Nevertheless, the most important aspect of Aung San Suu Kyi’s testimony highlighted the army’s role in the Rakhine crisis. It fits the Myanmar government’s new narrative to explain what went wrong in Rakhine. On the ground, ‘rules of engagement’ were not followed by the commanders and soldiers in the frontline.
If so, why has government done nothing to end the climate of impunity? The government should have taken the necessary disciplinary action against those who were deemed to be responsible. In fact, Aung San Suu Kyi argued in her submission that this is in the pipeline.
“Under its 2008 Constitution, Myanmar has a military justice system,” she told the court. “Criminal cases against soldiers or officers for possible war crimes committed in Rakhine must be investigated and prosecuted by that system,” she explained.
Last month the government announced that several members of the military were facing court martial for their involvement in a mass execution of villagers near Gu Dar Pyin village two years ago, after a battle in the area with ARSA. Further courts martial are likely, according to the State Counsellor. This would happen if further incriminating evidence is brought by the Independent Commission of Enquiry – the government’s own appointed commission which includes two international representatives – one is a Filipino diplomat, and chair of the 4-member body, and the other, a former UN official from Japan.
These cases are part of the ongoing criminal justice processes in Myanmar and “must be allowed to run their course”, Aung San Suu Kyi told the court.
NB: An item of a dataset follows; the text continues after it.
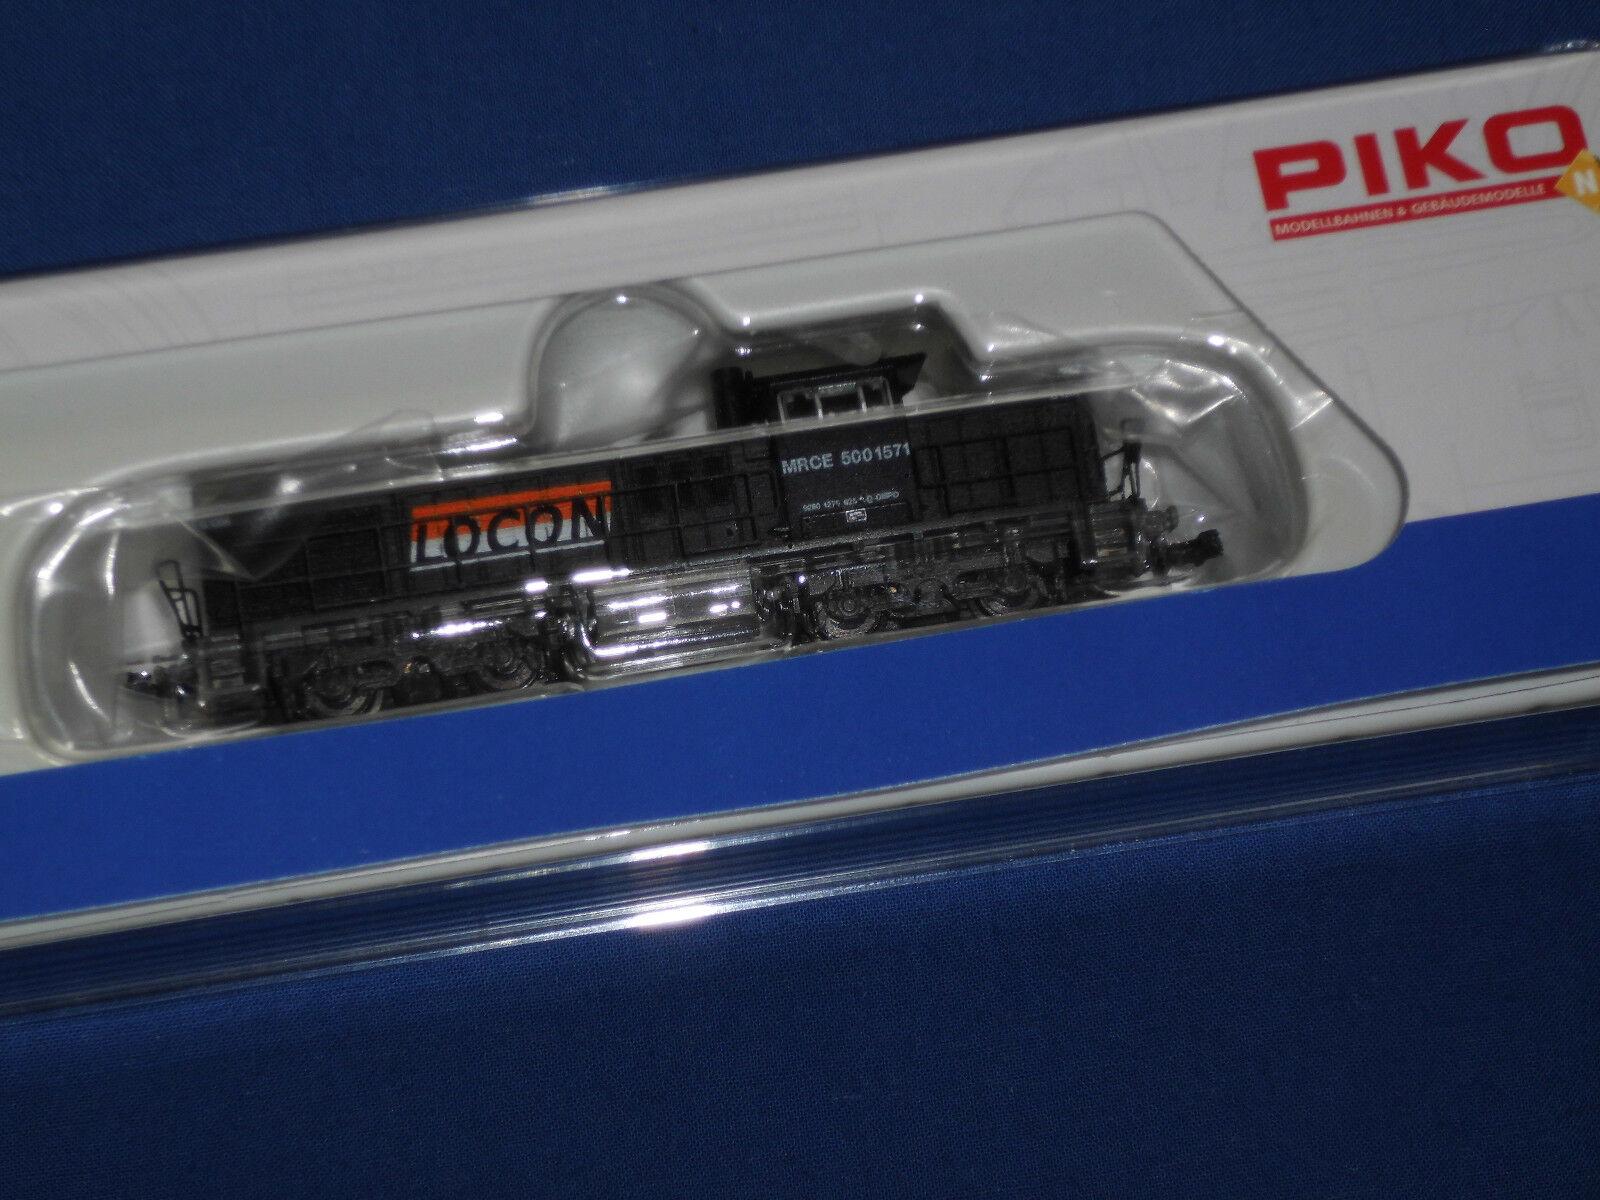 Piko Piko Piko 40417 Diesellok G 1206 MRCE   LOCON Ep IV Spur N Gleichstrom NEU & OVP    Feinbearbeitung  e62ddd

She was however aware of the dangers and disappointments this might involve. The armed forces are very defensive in these matters.
Myanmar’s recent history of military justice does not encourage many to think things will change. In March 2018, a military court sentenced four officers and three soldiers to 10-year prison sentences for the indiscriminate killing of 10 Rohingya men and boys in Maungdaw township’s Inn Din village, but they were released nine months later after the army commander-in-chief pardoned them.
“Many of us in Myanmar were unhappy with this pardon,” she boldly told the court, to the army’s chagrin. But the Myanmar leader understands that it is episodes like this that cast doubt about the credibility of the country’s justice system, especially in regard to the military.
What is needed now is concrete proof that the government is serious about making those guilty of transgressing the military’s code of conduct answerable. Clearly the military are on notice: things must change:
“If war crimes have been committed by members of Myanmar’s Defence Services, they will be prosecuted through our military justice system, in accordance with Myanmar’s Constitution.”
“It is a matter for the competent criminal justice authorities to assess whether, for example, there has been inadequate distinction between civilians and ARSA fighters, disproportionate use of force, violations of human rights, failure to prevent plundering or property destruction, or acts of forcible displacement of civilians,” she said.
Aung San Suu Kyi affectively threw the gauntlet to the Tatmadaw, saying that change is both necessary and inevitable; though she insisted that this needs to be done cooperatively between the civilian government and the military.
What is noteworthy is that, she told the court, about the need to complete the country’s democratisation process, which means changing the current pro-military charter of the 2008 constitution.
However, despite the international noose tightening round the necks of Myanmar’s military leaders, they will not easily acquiesce.